C’est un dimanche matin gris du début d’automne et j’attends passivement que l’on m’apporte mon petit déjeuner que je venais de commander. Martine feuilletait le journal. À la veille de mes 36 ans, je me surprends à faire des rêves de contrées lointaines. Depuis cinq ans, je travaille pour une boite informatique. J’ai du succès, mais j’ai de moins en moins de plaisir et de motivation. J’ai du mal à accepter les décisions et les exigences d’un patron qui me semble lui-même blasé par la vie.
Je ressens un besoin criant de faire un changement de vie. Je ne me vois pas devenir l’esclave de biens matériels. Autour de moi, je vois des amis qui achètent leur première maison avec la tondeuse à gazon. Ils ont le bien noble projet de fonder une famille. Juste à y penser, ce parcours m’effraie. Est-ce par mon immense besoin de liberté ou par un manque de maturité ?
Il me semble que le sentiment de liberté est drôlement plus attrayant. En déposant les assiettes devant nous, la serveuse me sort de mes rêveries. « Un p’tit réchaud?» Ah! le déjeuner routinier du dimanche matin chez Cora.
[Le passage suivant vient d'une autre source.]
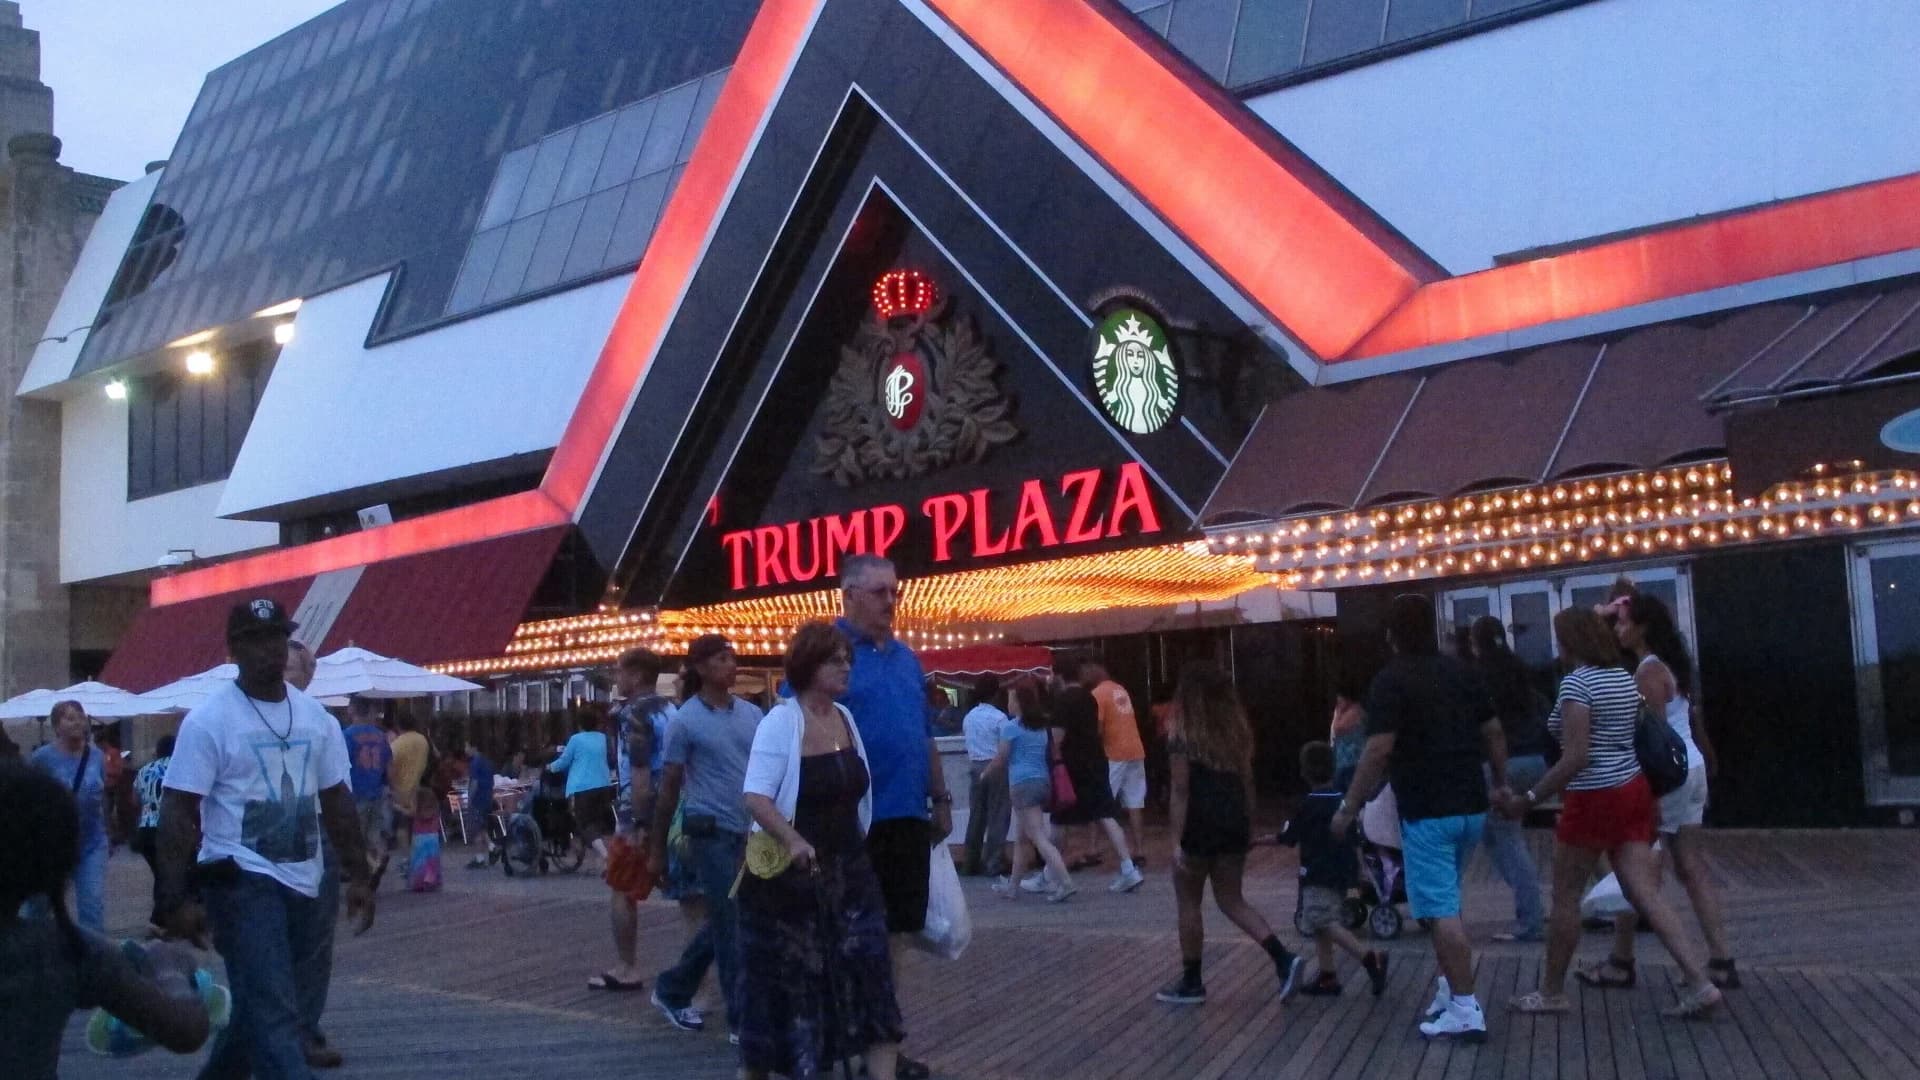 Former Trump Plaza casino in Atlantic City to be imploded on Feb. 17

– Dis-moi Martine! On en est où avec notre vie ?
Silence
– Es-tu aussi insatisfaite de ta vie routinière que je le suis ?
Silence
– Pourquoi ne ferait-on pas quelque chose de spécial avec l’arrivée de l’an 2000 ? Depuis que je me rappelle, j’ai toujours pensé qu’avec l’arrivée de l’an 2000, je ferai quelque chose de grandiose.
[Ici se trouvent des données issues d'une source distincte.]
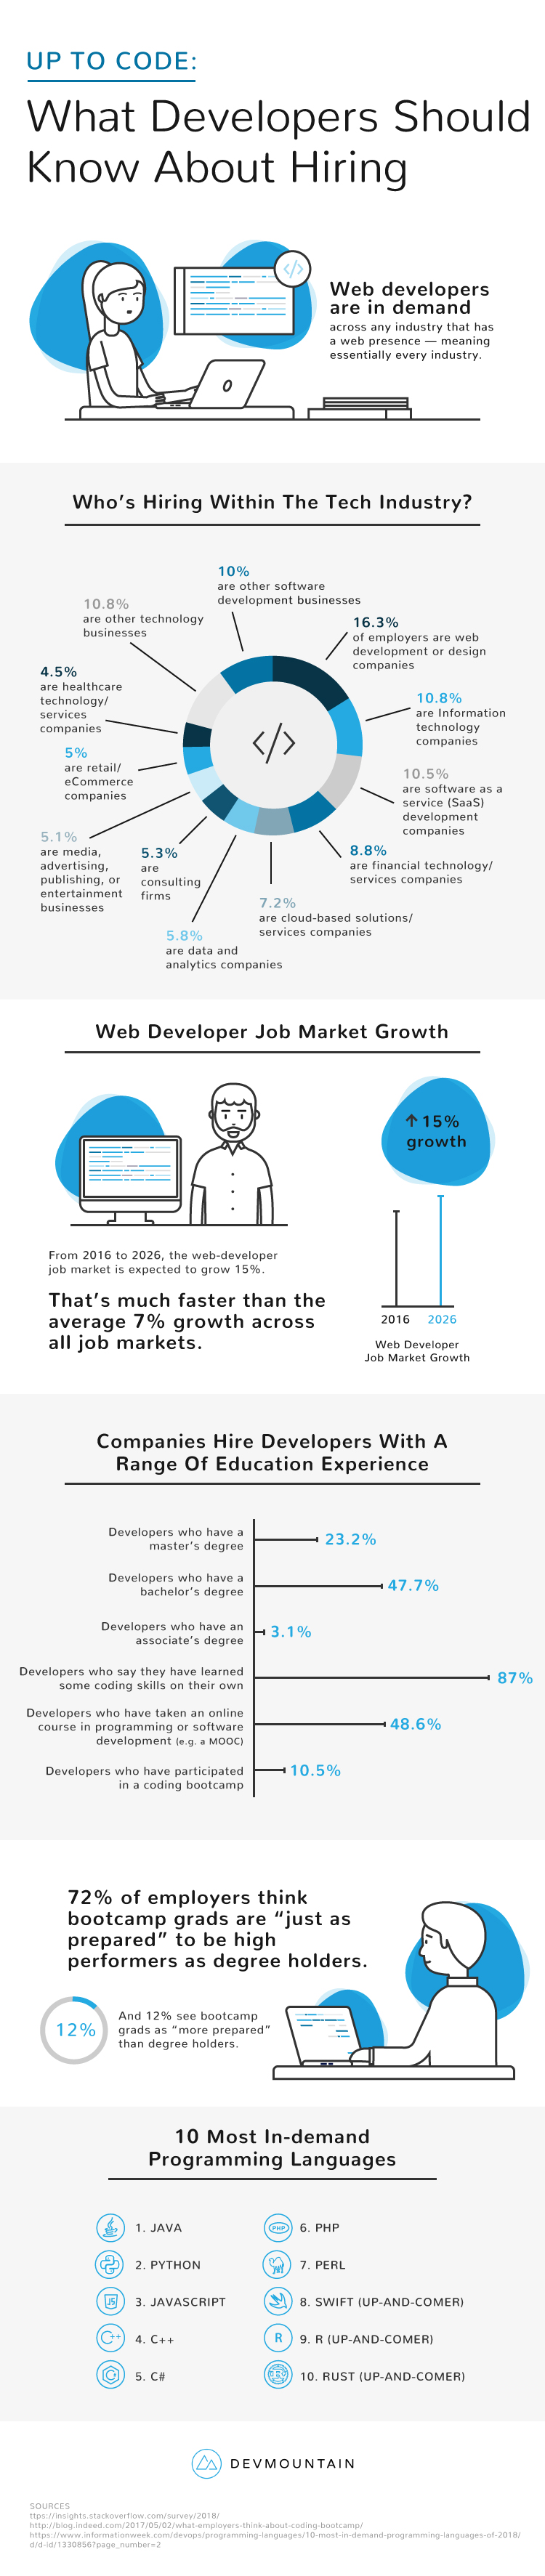 Infographic: What Developers Should Know About Hiring

– Comme quoi, me dit-elle.
– Je ne sais pas. Mais, ce que je vois autour de moi, ce sont des gens qui achètent des maisons pour fonder une famille. Franchement, je ne suis vraiment pas à cette étape dans ma vie. Après, les gens semblent devenir tellement stressés qu’ils se mettent à consommer et à prendre toutes sortes de pilules. C’est un futur qui ne m’intéresse pas vraiment.
Silence
– Pourquoi on ne prendrait pas une sabbatique pour faire un grand voyage ?
– OK . On s’y prend comment me dit Martine me regarde droit dans les yeux en souriant en déposant son journal. J’avais maintenant toute son attention.
Je n’en avais aucune idée. Mes seules expériences de voyages se limitaient à des expéditions de canot-camping, de petits voyage sur la côte des États-Unis ou en France, mais toujours avec des amis ou dans une formule tout inclus. Après le déjeuner, les questions fusaient de partout.
Rien de mieux qu’un arrêt chez Renaud-Bray pour se documenter. On est sorti de là avec des livres sur les plus beaux endroits à voir dans le monde et plein de guides de voyages. Ça prenait aussi une carte du monde pour visualiser le projet. Ce matin-là, on a discuté et on a eu des rêves de contrées lointaines tout éveillé.
La naissance d’un de mes projets les plus ambitieux était en train de prendre forme. J’étais maintenant déterminé à réaliser un projet grandiose pour l’an 2000. Une année sabbatique à découvrir des contrées lointaines.